Well, that wasn’t generally a problem with most of the bad seeds I’ve encountered. More often than not they’re afraid of me, so that makes it easy for me to take them out. Only a few ever figured out my weakness; it was kept pretty quiet, as you can imagine. I had a lot of trouble with them when I was younger. Lex Luthor was a royal pain in the ass, in all honesty. Though he was no match for me eventually. You can only harass someone so long before you either get tired of it, have other things to do or move on with your life. He'd badger me, push me into a locked room, and try to taunt me to death. He even tried recordings of constant belligerence so he could go out and get groceries or run other errands, but I’d just blow his tape decks against a wall, or take out the speakers with well-aimed loogies. In the end, he couldn’t be bothered to keep it up; he figured it was better to go straight than to waste more time trying to off me.
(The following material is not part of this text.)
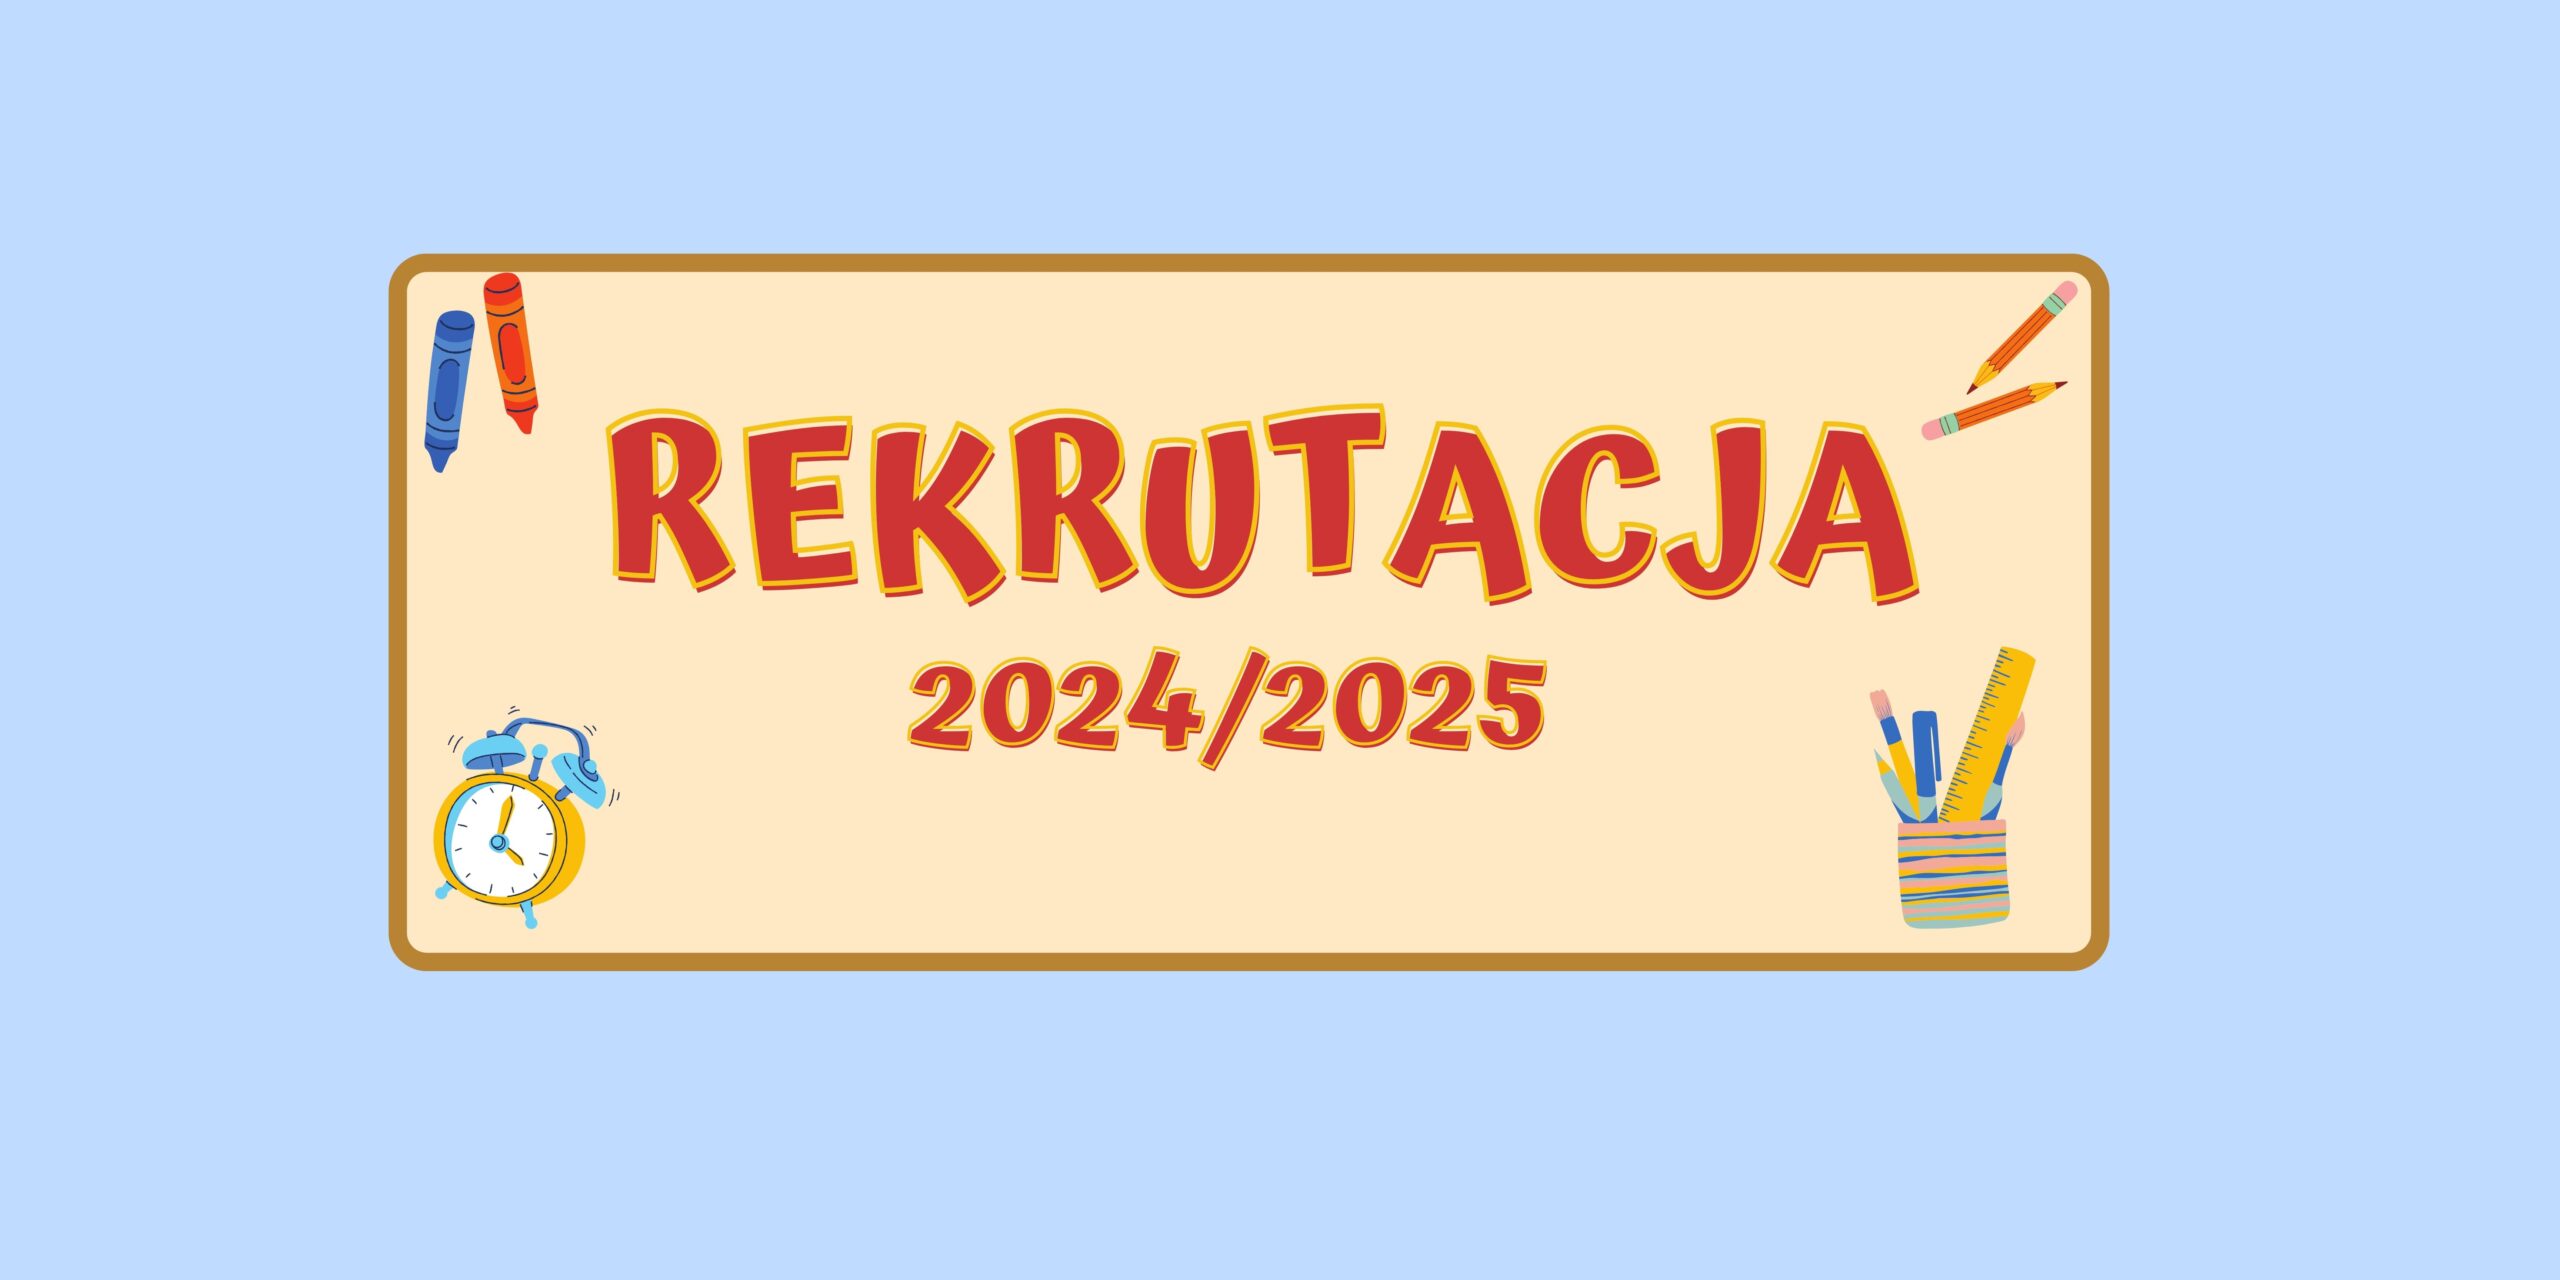 You are currently viewing REKRUTACJA 2024/2025

That bit about me reversing the spin of the earth in the very first Superman movie? What a joke. Any twelve year-old knows that wouldn’t have reversed time; it would have destroyed the planet, and Lois along with it. Probably most of the solar system eventually, too. Not only that, but I would never have affected a mass so many times larger than me even if I could have flown around it at near-light speeds. Stupid idea, but hey, it’s Hollywood, right? Reality is a lot different. Just imagine the irony: I try to make the earth go the wrong way and while it slows and comes to a stop, everything that’s not firmly anchored - and I mean firmly - keeps going at the same speed it was travelling before. What a bloody mess that would have been. Well, let’s face it; it’s likely the whole place would have been left totally uninhabitable or worse, in pieces.

There’s a good reason why Lois and I more or less stayed together. I miss her quite a bit. She was the only woman who could satisfy me sexually, you know? It used to be horribly frustrating for me that way. It’s very difficult even for normal guys to rein in their impulses, but when you’re super strong and get carried away in the moment, people get hurt. I found that out the hard way...um, sorry, no pun intended... one time in University. That episode cost my family their entire life-savings, but I made good on it eventually. Poor girl could never have a family, though.

Lois was different. Like any woman, she couldn’t actually perform most sex acts with me; she’d of taken too many chances. I mean, I might blow a hole in her head if ... well... you get the drift. But Lois was great, because she knew me better than any woman; she had the reflexes of a cat and knew when to jump, so to speak. I really do miss her.

I took a vow of celibacy after she died. That upset a lot of women who thought it would be fun to ‘take a ride’ with Superman. It’s always been that way. They just don’t realize what it might mean for them if I get lost in the moment. Do you know how hard it is to keep control all the time? It’s just not possible, and it impacts my performance because I have to be constantly vigilant that I’m not crossing the line. Well, it’s just easier now, and seriously, I’m over ninety years old, for crying out loud. I have other things to do with my time.

Speaking of time, I hate to cut this short but I’ve got to get to New York for a four o’clock. It’s about a two minute leap from here; that’ll give me a minute to freshen up. Thanks for the microphone, Jack. I’ll be back for more later.